Before applying the stacking approach, a weighted voting ensemble was implemented using the softmax outputs of the three individual models. In this method, the predicted class probability distributions were aggregated with weights proportional to the standalone performance of each model. The weights were set as follows: 0.3394 for the Mel-spectrogram model, 0.3300 for the MFCC model, and 0.3306 for the CQT model. This ensured that each representation contributed to the final decision in proportion to its classification strength. Results from the weighted ensemble confirmed that spectral diversity positively influenced overall performance.
To further exploit the complementary strengths of the spectral inputs, a stacking ensemble approach was also adopted. In this setup, the softmax probabilities from all three models were concatenated into a 21-dimensional meta-feature vector—each branch contributing seven class probabilities. A stacking architecture was implemented in which both logistic regression and XGBoost were evaluated as meta-learners. Logistic regression (LogReg) was selected for its simplicity and effectiveness in modeling linear relationships, making it a strong baseline for ensemble integration. In contrast, XGBoost was chosen due to its high discriminative capacity and robustness in capturing complex, non-linear decision boundaries. This dual-meta-learner evaluation enabled the assessment of how both linear and non-linear aggregation strategies affect overall classification performance. This architecture preserves the contributions of individual spectral branches while enabling a more refined decision-making process. The results, including detailed metrics for each method, are summarized in Table 4.

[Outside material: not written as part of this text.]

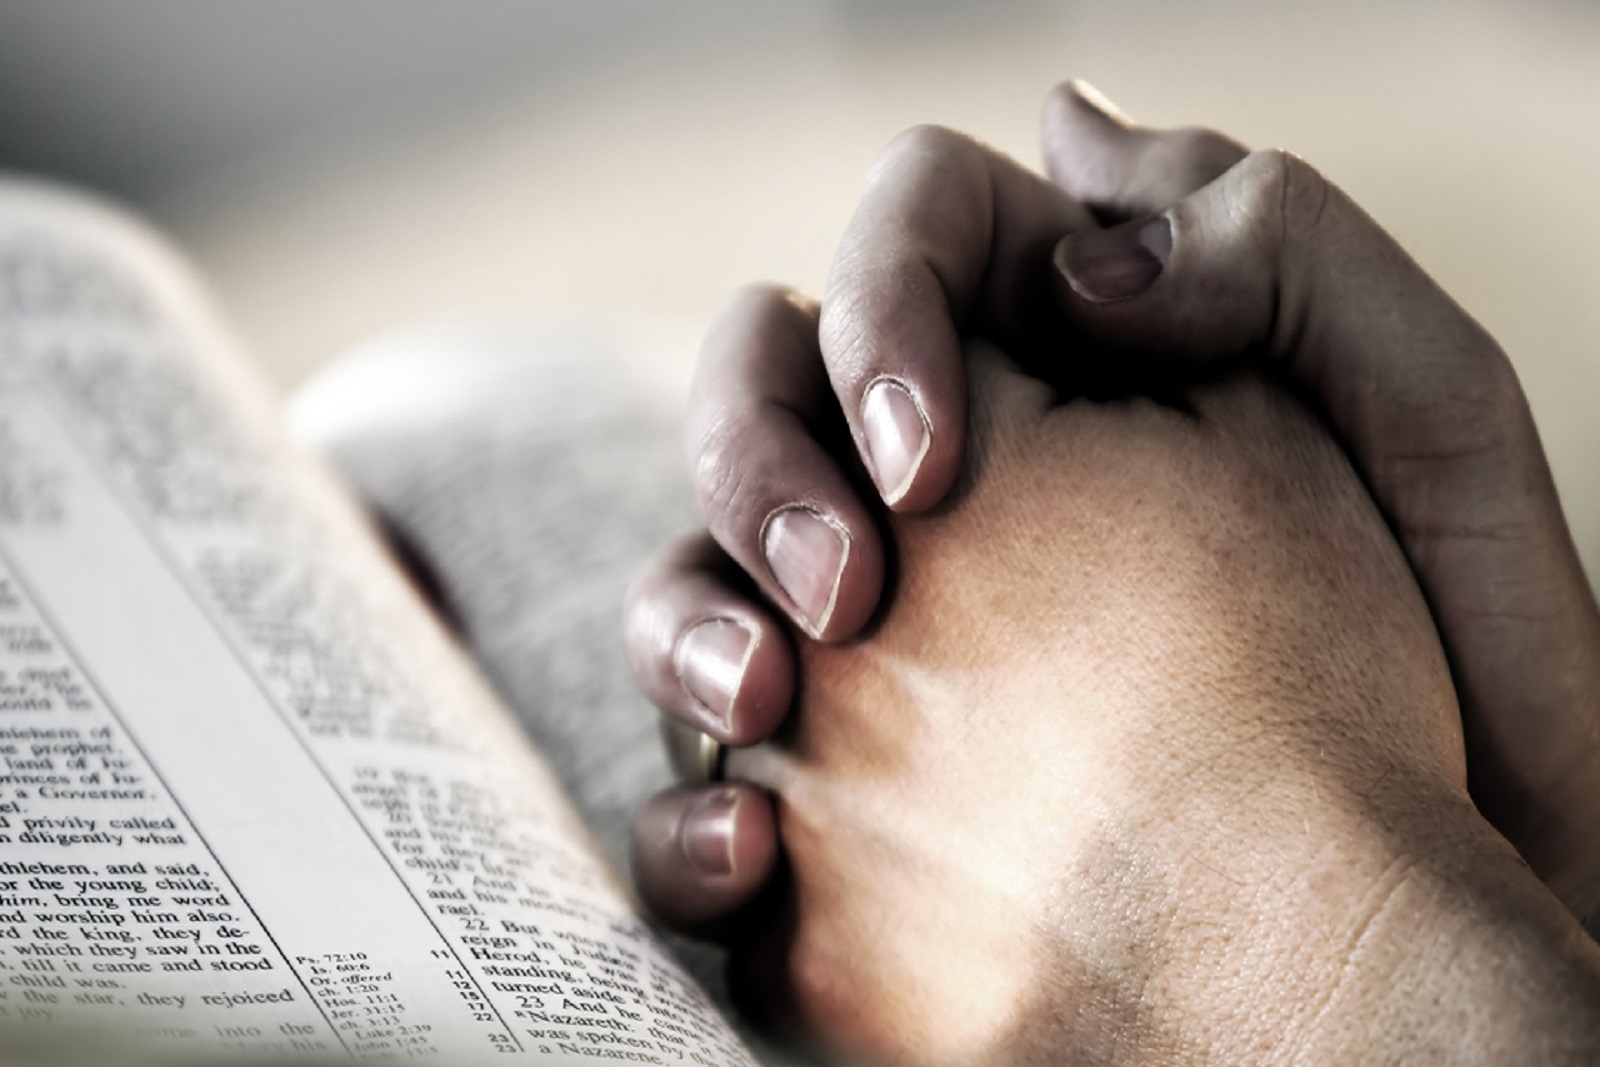 Man's hands folded in prayer over a Holy Bible - represents faith and spirtuality in everyday life.

| Weighted ensemble | Stacking ensemble (LogReg) | Stacking ensemble (XGBoost) | ||||||||||
|---|---|---|---|---|---|---|---|---|---|---|---|---|
| Precision | Recall | F1-score | MCC | Precision | Recall | F1-score | MCC | Precision | Recall | F1-score | MCC | |
| Cough | 0.9800 | 0.9800 | 0.9800 | 0.9767 | 0.9899 | 0.9800 | 0.9849 | 0.9824 | 0.9800 | 0.9900 | 0.9850 | 0.9883 |
| Laugh | 0.9703 | 0.9800 | 0.9751 | 0.9710 | 0.9802 | 0.9900 | 0.9851 | 0.9826 | 1.0000 | 1.0000 | 1.0000 | 1.0000 |
| Scream | 1.0000 | 0.9800 | 0.9899 | 0.9883 | 1.0000 | 0.9800 | 0.9899 | 0.9883 | 0.9900 | 0.9900 | 0.9900 | 0.9942 |
| Sneeze | 0.9703 | 0.9800 | 0.9751 | 0.9710 | 0.9706 | 0.9900 | 0.9802 | 0.9769 | 0.9900 | 1.0000 | 0.9950 | 0.9942 |
| Snore | 1.0000 | 1.0000 | 1.0000 | 1.0000 | 1.0000 | 1.0000 | 1.0000 | 1.0000 | 1.0000 | 1.0000 | 1.0000 | 1.0000 |
| Sniffle | 1.0000 | 1.0000 | 1.0000 | 1.0000 | 1.0000 | 1.0000 | 1.0000 | 1.0000 | 1.0000 | 1.0000 | 1.0000 | 1.0000 |
| Farting | 1.0000 | 1.0000 | 1.0000 | 1.0000 | 1.0000 | 1.0000 | 1.0000 | 1.0000 | 1.0000 | 1.0000 | 1.0000 | 1.0000 |
| Average | 0.9887 | 0.9886 | 0.9886 | 0.9867 | 0.9915 | 0.9914 | 0.9914 | 0.9900 | 0.9943 | 0.9971 | 0.9957 | 0.9967 |
| Accuracy | 98.86% | 99.14% | 99.71% | |||||||||
Table 4 summarizes the effect of ensemble strategies on the final classification performance by aggregating the outputs of the three individual models. The first approach, a weighted voting ensemble, combined the softmax outputs of the three branches using weights proportional to each model’s individual classification accuracy. Despite being well-structured, the weighted ensemble yielded a slightly lower overall accuracy (98.86%) compared to the standalone Mel-spectrogram model (99.29%). These results suggest that although the fusion respected individual model performance, the impact of the strongest branch (Mel) may have been diminished by weaker components. This observation is further reflected in the one-vs.-rest MCC values, where the weighted ensemble achieved lower macro-level correlation consistency relative to the stacking-based approaches, indicating reduced balance between correct and incorrect predictions across binary partitions.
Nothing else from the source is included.